5. Almost at the end of the tapering duct is a valve, approximate position marked ‘5’ on figure 1. Though discovered some time ago, the precise purpose of this valve is still under discussion. It is believed to assist in restarting and rejoining broken fibres^[39] acting much in the way of a helical pump, regulating the thickness of the fibre,^[32] and/ or clamping the fibre as a spider falls upon it.^[39][40] There is some discussion on the similarity of the silk worm’s silk press and the roles each of these valves play in the production of silk in these two organisms.

Throughout the process the unspun silk appears to have a nematic texture,^[41]in a similar manner to a liquid crystal. This allows the unspun silk to flow through the duct as a liquid but maintain a molecular order.

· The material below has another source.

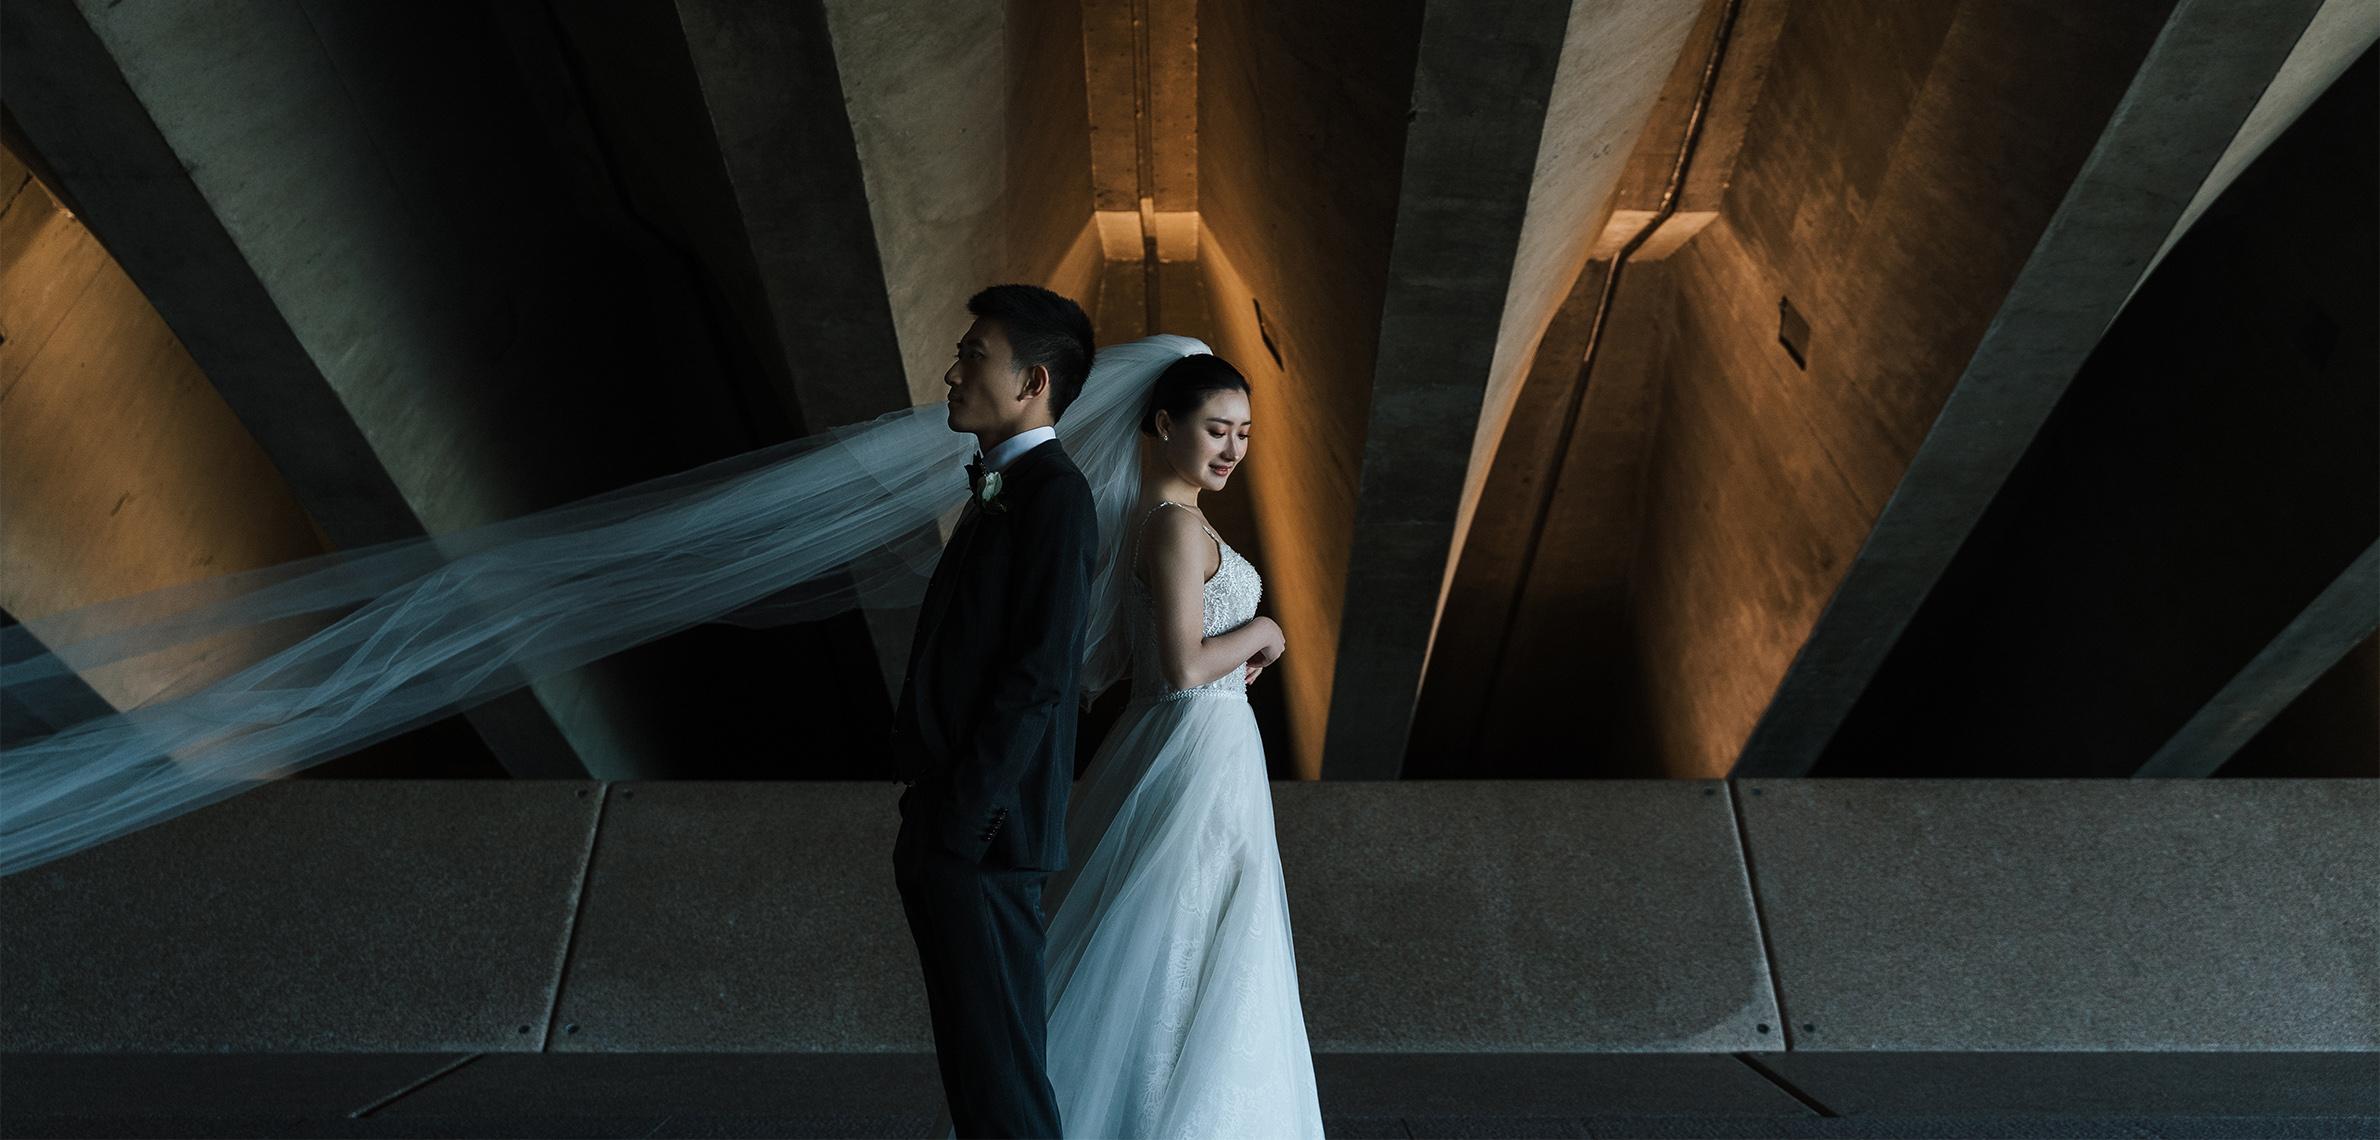 悉尼网红婚纱拍摄点,网红旅拍婚纱照,悉尼婚纱摄影,悉尼婚礼拍摄,悉尼婚纱照,雪梨婚纱摄影,悉尼婚纱影楼,澳洲旅拍,悉尼婚纱旅拍,悉尼婚纱店,Centennial park婚纱拍摄

As an example of a complex spinning field, the spinneret apparatus of an adult Araneus diadematus (garden cross spider) consists of the following glands^[24]:

• 500 Glandulae piriformes for attachment points

• 4 Glandulae ampullaceae for the web frame

• about 300 Glandulae aciniformes for the outer lining of egg sacs, and for ensnaring prey

• 4 Glandulae tubuliformes for egg sac silk

• 4 Glandulae aggregatae for glue

• 2 Glandulae coronatae for the thread of glue lines.

Human uses

File:IMAG0163-1.jpg

A spool of thread made of silk obtained from Nephila, showing its characteristic golden coloration

Peasants in the southern Carpathian Mountains used to cut up tubes built by Atypus and cover wounds with the inner lining. It reportedly facilitated healing, and even connected with the skin. This is believed to be due to antiseptic properties of spider silk^[24] and because the silk is rich in vitamin K, which can be effective in clotting blood.^[42]

Some fishermen in the Indo-Pacific ocean use the web of Nephila to catch small fish.^[24]

The silk of Nephila clavipes has recently been used to help in mammalian neuronal regeneration.^[43]

At one time, it was common to use spider silk as a thread for crosshairs in optical instruments such as telescopes, microscopes,^[44] and telescopic rifle sights.^[45]

Due to the difficulties in extracting and processing substantial amounts of spider silk, there is currently only one known piece of cloth made of spider silk, an 11-by-4-foot (3.4 by 1.2 m) textile with a golden tint made in Madagascar in 2009. 82 people worked for four years to collect over one million golden orb spiders and extract silk from them.^[46]

Artificially produced spider silk

Spider silk is as strong as many industrial fibers (see tensile strength for common comparisons). There is commercial interest in duplicating spider silk artificially, since spiders use renewable materials as input and operate at room temperature, low pressures and using water as a solvent. However, it has been difficult to find a commercially viable process to mass-produce spider silk.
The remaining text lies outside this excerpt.